**What is required:** Strip out the pictures and output each remaining line of the data word for word.

**Supplied information:**
= = =
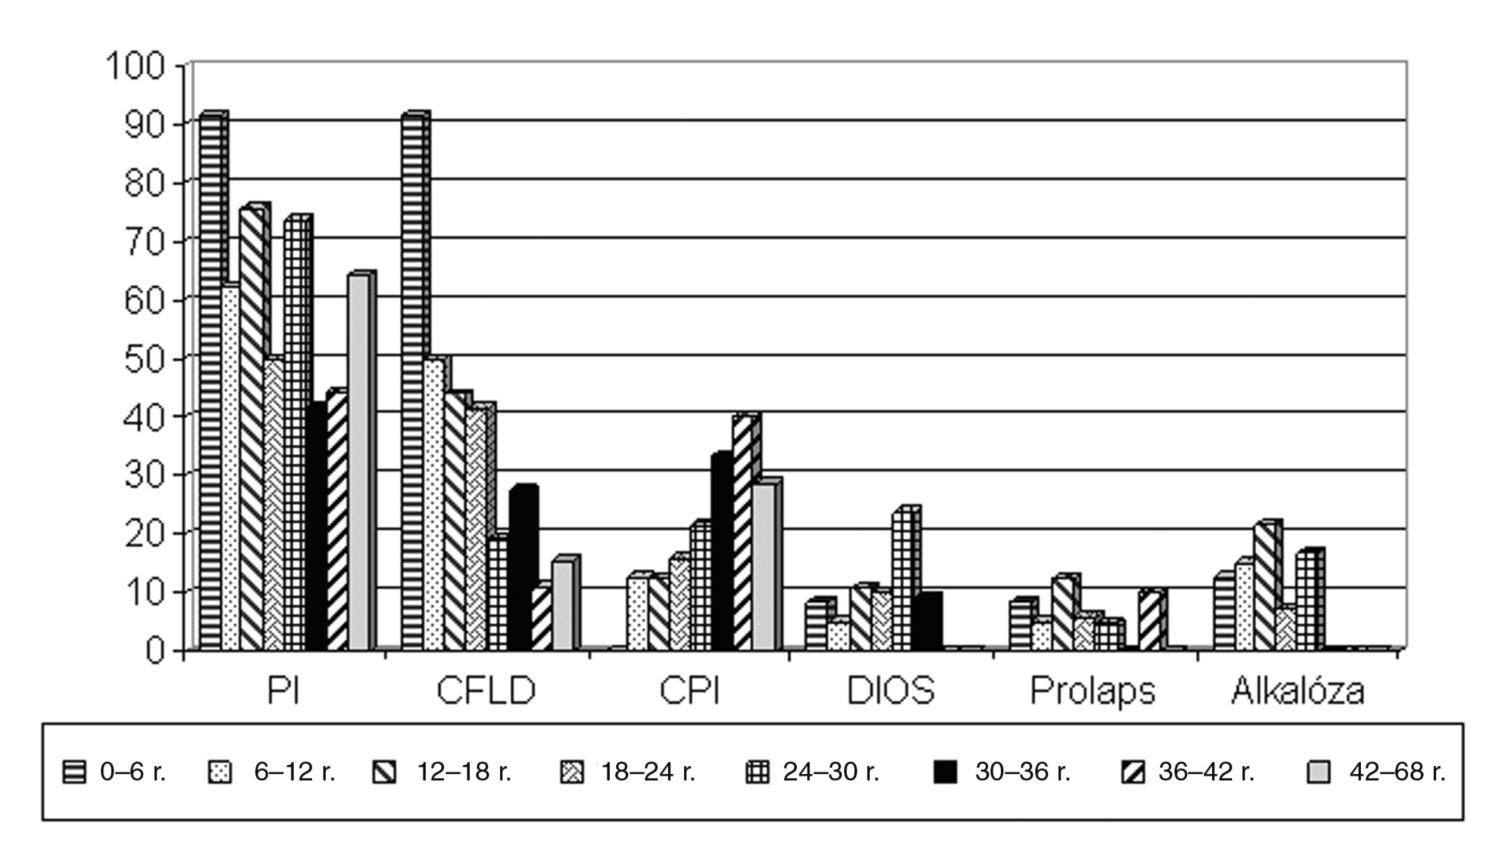 Gastrointestinálne prejavy u CF pacientov. 77,3 % pacientov má postihnutý pankreas, z toho 65,9 % má pankreatickú insuficienciu (klinické prejavy aj zníženie pankreatickej elastázy pod 200 μg/g), 11,4 % pacientov má prejavy chronickej rekurentnej pankreatitídy (u väčšiny je pankreatická elastáza zvýšená nad 500 μg/g). Pacienti s CPI majú vo svojom genotype častejšie mutácie IV. a V. triedy, alebo mutácie neznáme. Cholestatickú hepatopatiu (zvýšenie alkalickej fosfatázy, abnormálny nález na sonografii) má 48,6 % pacientov, vo veku do 6 rokov viac ako 90 % detí, pod liečbou UDCA výskyt klesá na 50–40 % v adolescencii a 12 % v dospelosti. Najzávažnejšie postihnutie, pečeňovú cirhózu má 6,3 %. Mekóniový ileus malo 7,4 % novorodencov, jeho ekvivalent v staršom veku DIOS má 8 % pacientov. Prolaps rekta uvádza 7,1 % a rozvrat vnútorného prostredia, hypochloremickú alkalózu malo až 12,6 % CF pacientov. Skratky: CPI – chronická pankreatitída, UDCA – ursodeoxycholová kyselina, DIOS – distálny intestinálny syndróm, PI – pankreatická insuficiencia, CFLD – CF liver disease (CF hepatopatia)
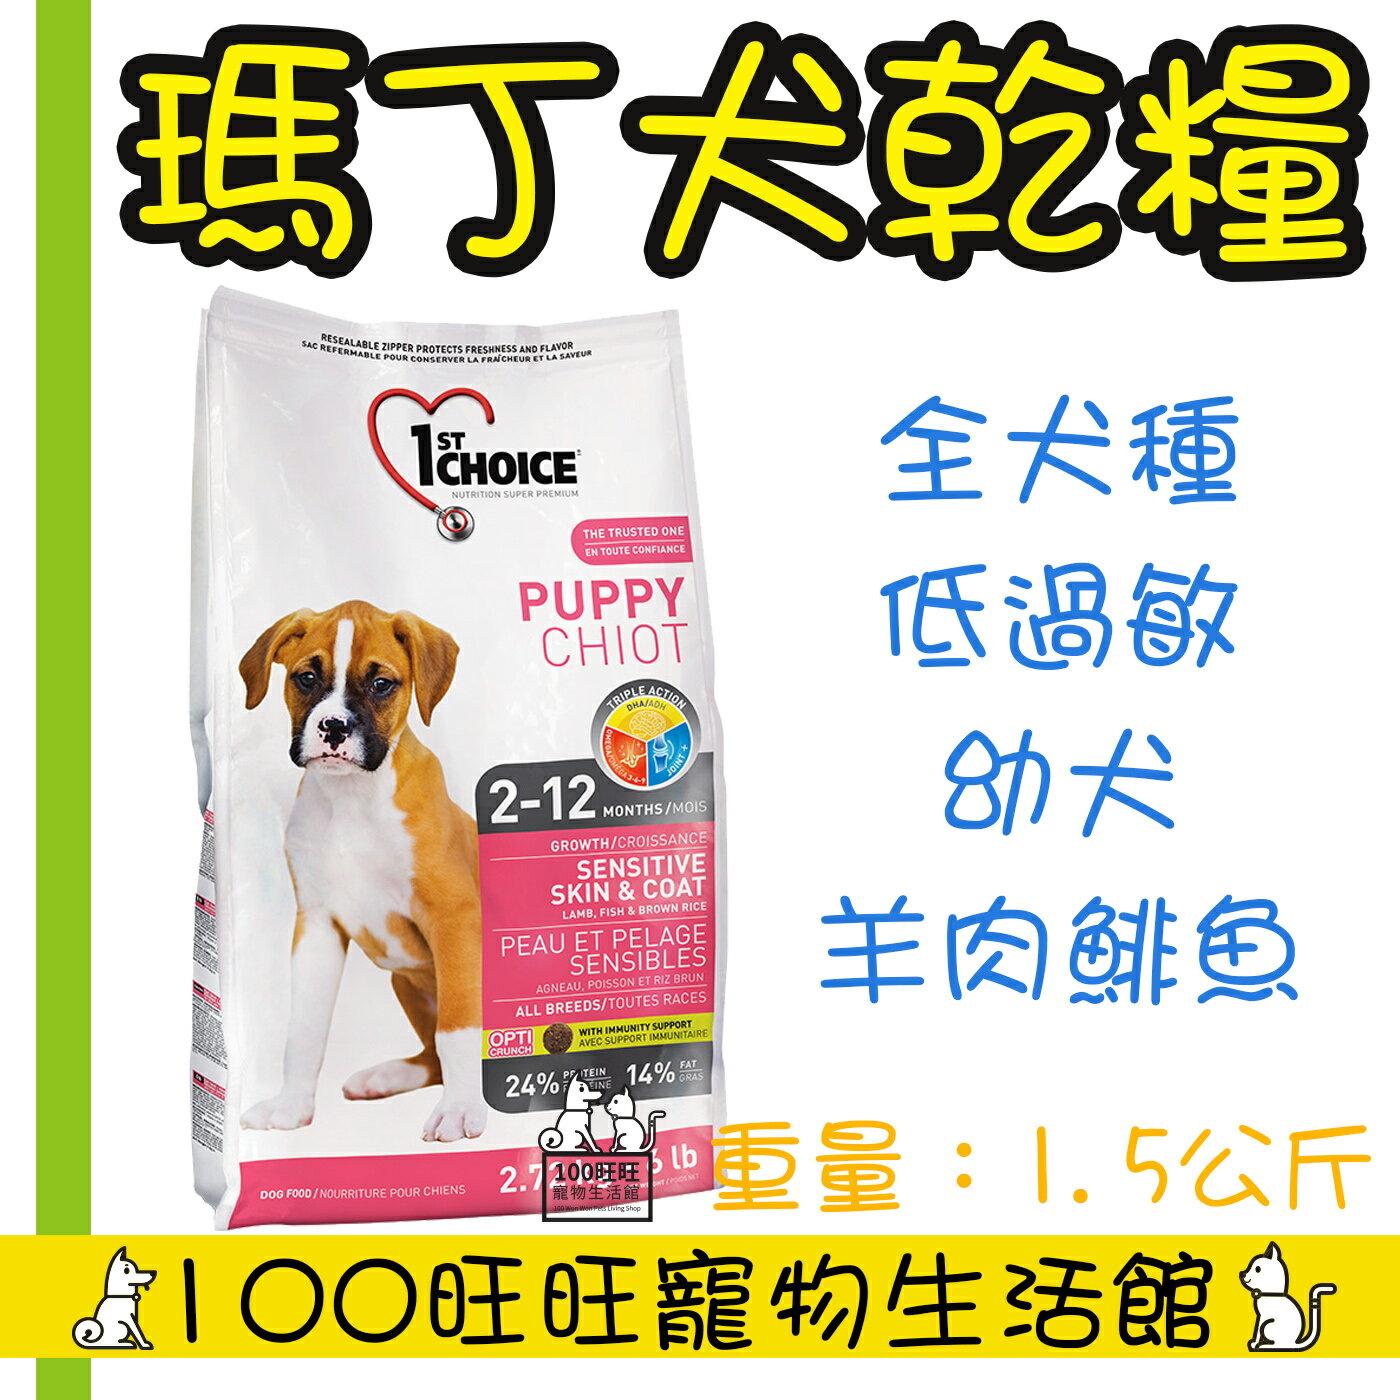 瑪丁 全犬種 幼犬 羊肉 1.5kg 2個月至12個月 羊肉+鯡魚+糙米配方
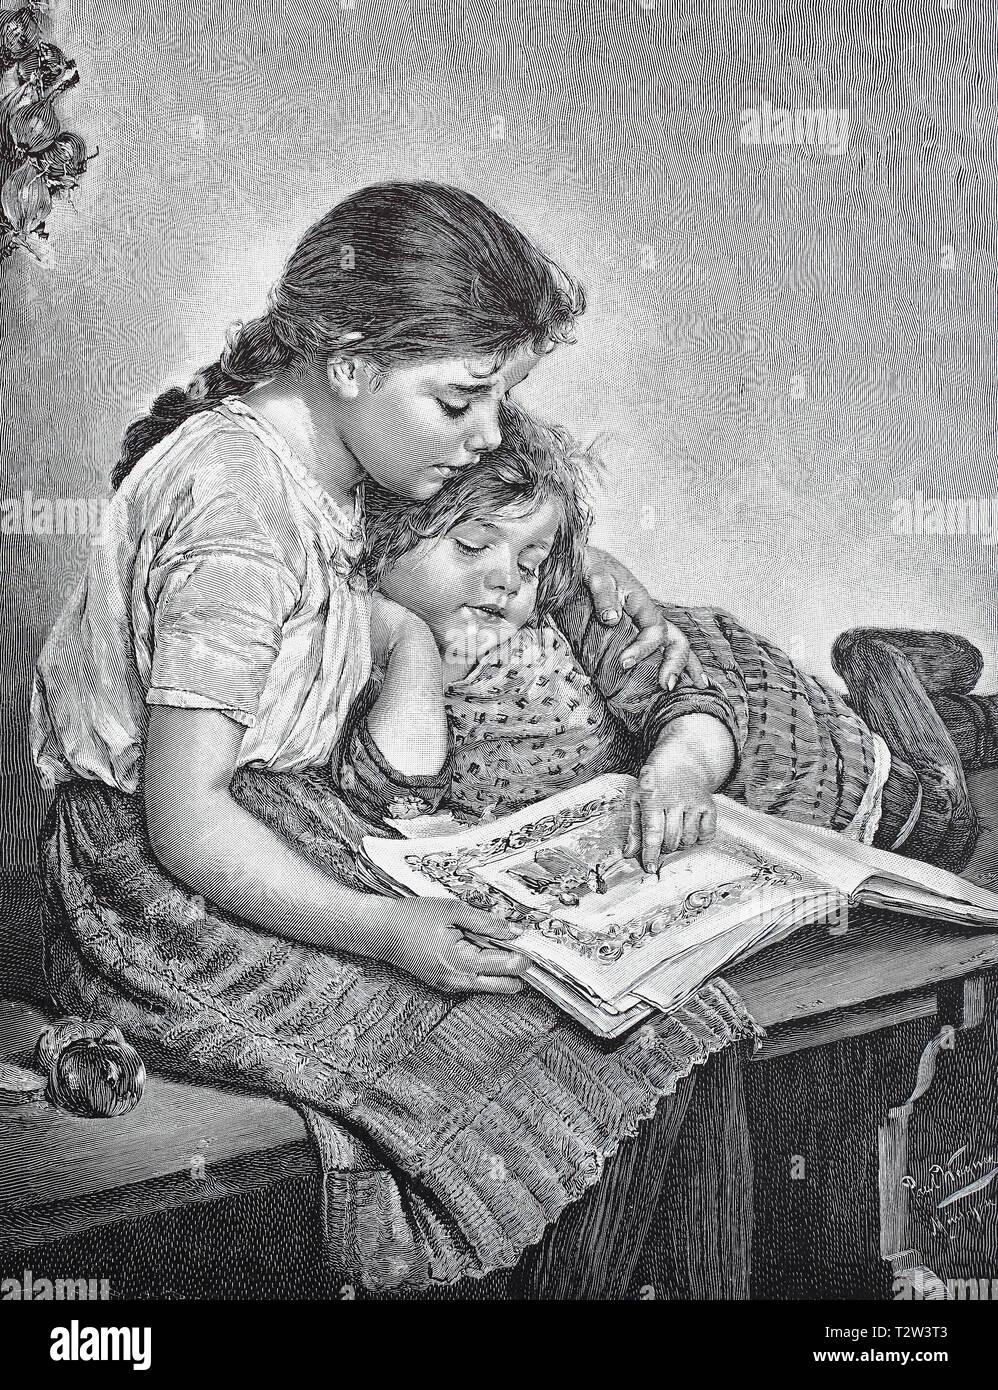 Two girls are deepened in a picture book, after a painting by Paul Wagner, Zwei Mädchen sind in einem Bilderbuch vertieft, nach einem Gemälde von Paul Wagner Stock Photo
= = =
**The completed task:**
 Gastrointestinálne prejavy u CF pacientov. 77,3 % pacientov má postihnutý pankreas, z toho 65,9 % má pankreatickú insuficienciu (klinické prejavy aj zníženie pankreatickej elastázy pod 200 μg/g), 11,4 % pacientov má prejavy chronickej rekurentnej pankreatitídy (u väčšiny je pankreatická elastáza zvýšená nad 500 μg/g). Pacienti s CPI majú vo svojom genotype častejšie mutácie IV. a V. triedy, alebo mutácie neznáme. Cholestatickú hepatopatiu (zvýšenie alkalickej fosfatázy, abnormálny nález na sonografii) má 48,6 % pacientov, vo veku do 6 rokov viac ako 90 % detí, pod liečbou UDCA výskyt klesá na 50–40 % v adolescencii a 12 % v dospelosti. Najzávažnejšie postihnutie, pečeňovú cirhózu má 6,3 %. Mekóniový ileus malo 7,4 % novorodencov, jeho ekvivalent v staršom veku DIOS má 8 % pacientov. Prolaps rekta uvádza 7,1 % a rozvrat vnútorného prostredia, hypochloremickú alkalózu malo až 12,6 % CF pacientov. Skratky: CPI – chronická pankreatitída, UDCA – ursodeoxycholová kyselina, DIOS – distálny intestinálny syndróm, PI – pankreatická insuficiencia, CFLD – CF liver disease (CF hepatopatia)
 瑪丁 全犬種 幼犬 羊肉 1.5kg 2個月至12個月 羊肉+鯡魚+糙米配方
 Two girls are deepened in a picture book, after a painting by Paul Wagner, Zwei Mädchen sind in einem Bilderbuch vertieft, nach einem Gemälde von Paul Wagner Stock Photo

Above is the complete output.